Windrush were served with an abatement notice around August 2018 under section 80 of the Environmental Protect Act 1990, requiring the “abatement of noise, amounting to a statutory nuisance, from the operation of the ““ventilation/extraction/ refrigeration system at the rear of [St Kevins] where there is a boundary with [Kevinscot]”” within 8 weeks of the notice.” This abatement notice was not appealed by Windrush.



The judgement


The court claimed that the claimant had, chiefly, failed to establish the alleged nuisance by the defendant, Windrush. Furthermore, the atmosphere of peace and tranquillity which the claimant had attempted to cultivate was not compatible with the atmosphere of the neighbourhood in question. Indeed, it was therefore not reasonable for Mrs Ray to expect that her eco retreat could exist in the location without the impact of DLHR’s commercial operations.

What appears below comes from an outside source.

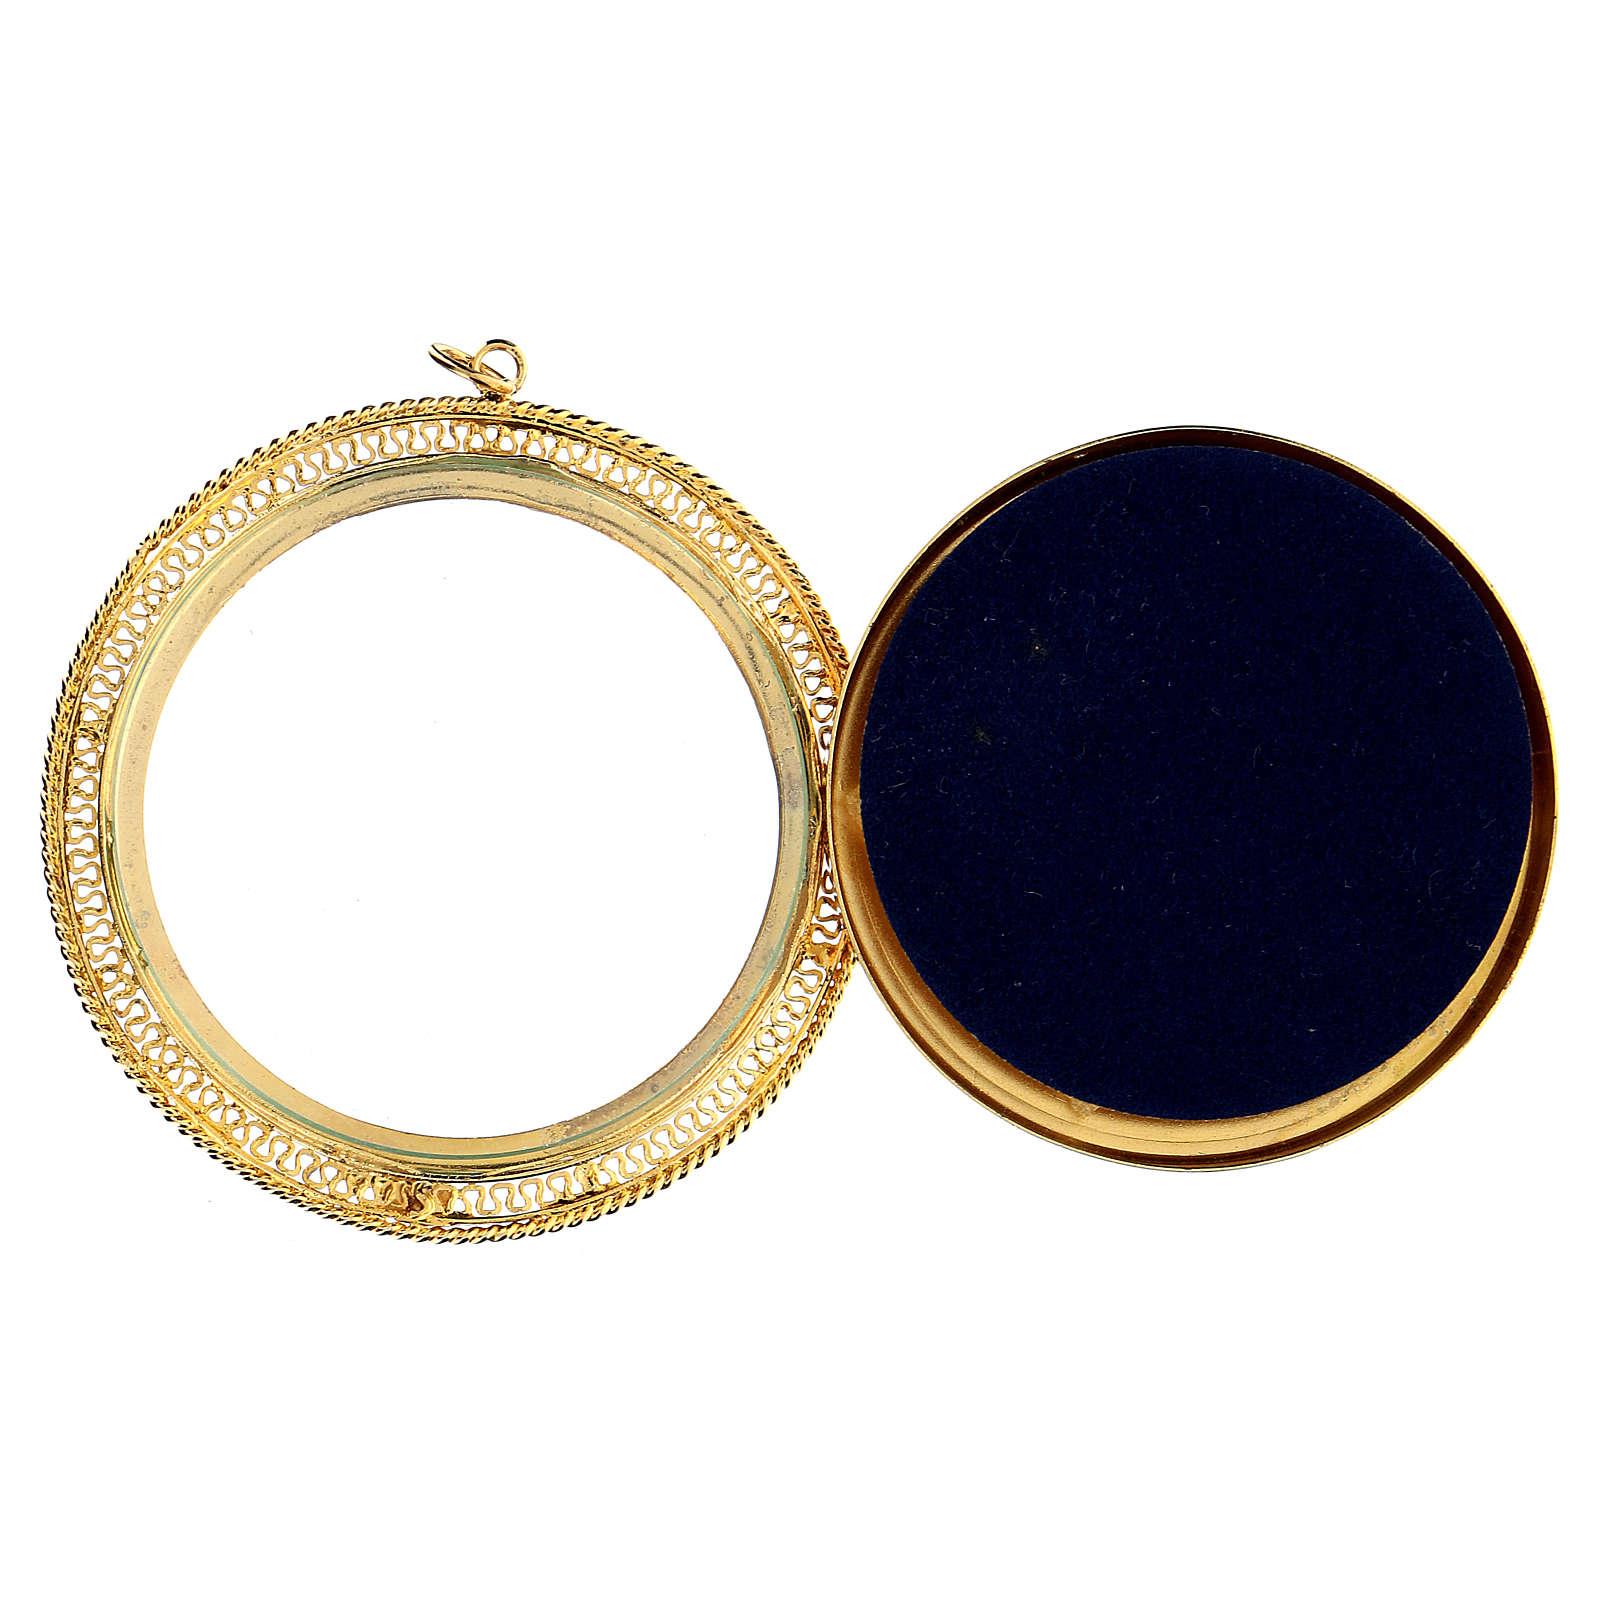 Reliquario argento 800 dorato filigrana tondo 6 cm 4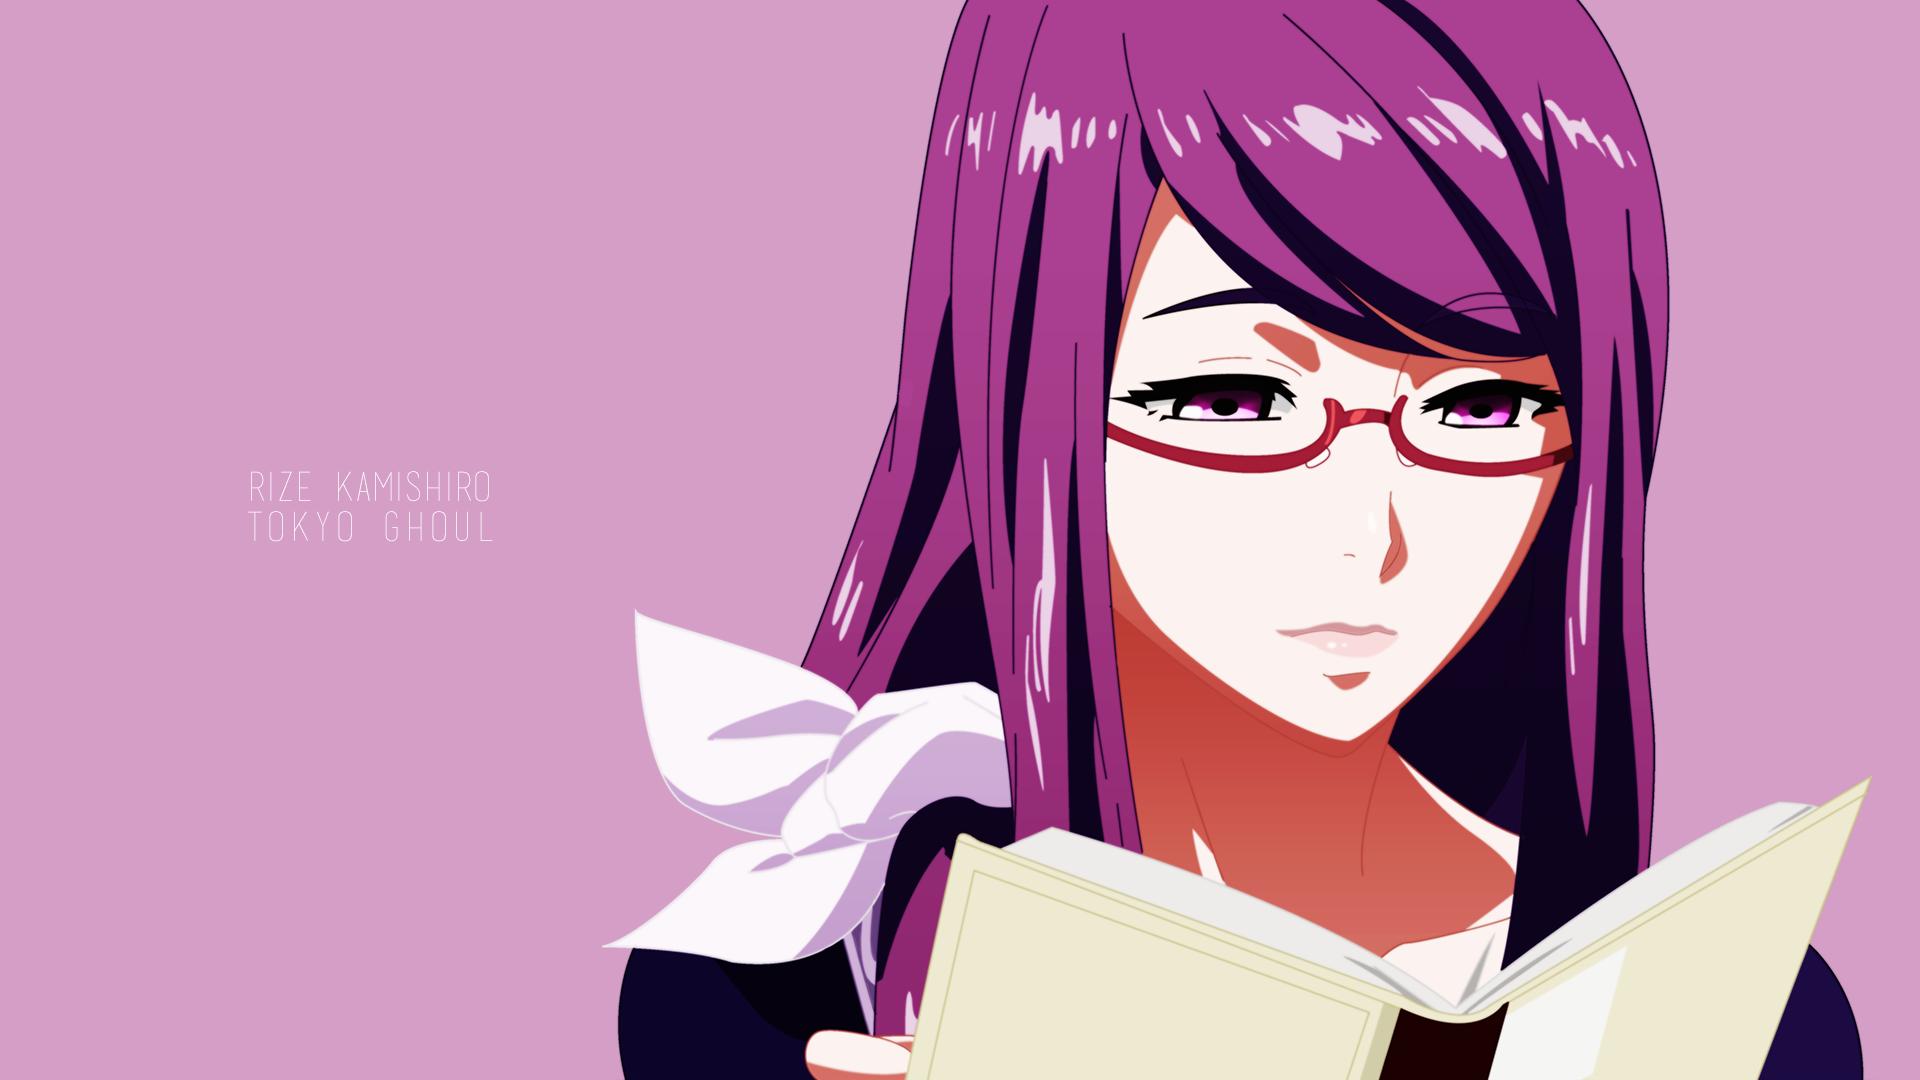 Wallpaper illustration anime girls glasses cartoon

The claimant’s property was located in what was, for many years in fact, a busy and popular tourist destination. In addition to the tourists who stayed in Mrs Ray’s accommodation requiring food outlets during their visit, Mrs Ray’s property itself benefitted hugely from being in a popular tourist spot in Cheltenham. There were also five pre-existing hot-food takeaways in the areas, so the existence of DLHR’s restaurant was certainly not an exception. While the level of smell and noise was seen to be a matter of factual evidence by the judge, the real question was whether the level of noise or odour amounted to being a nuisance.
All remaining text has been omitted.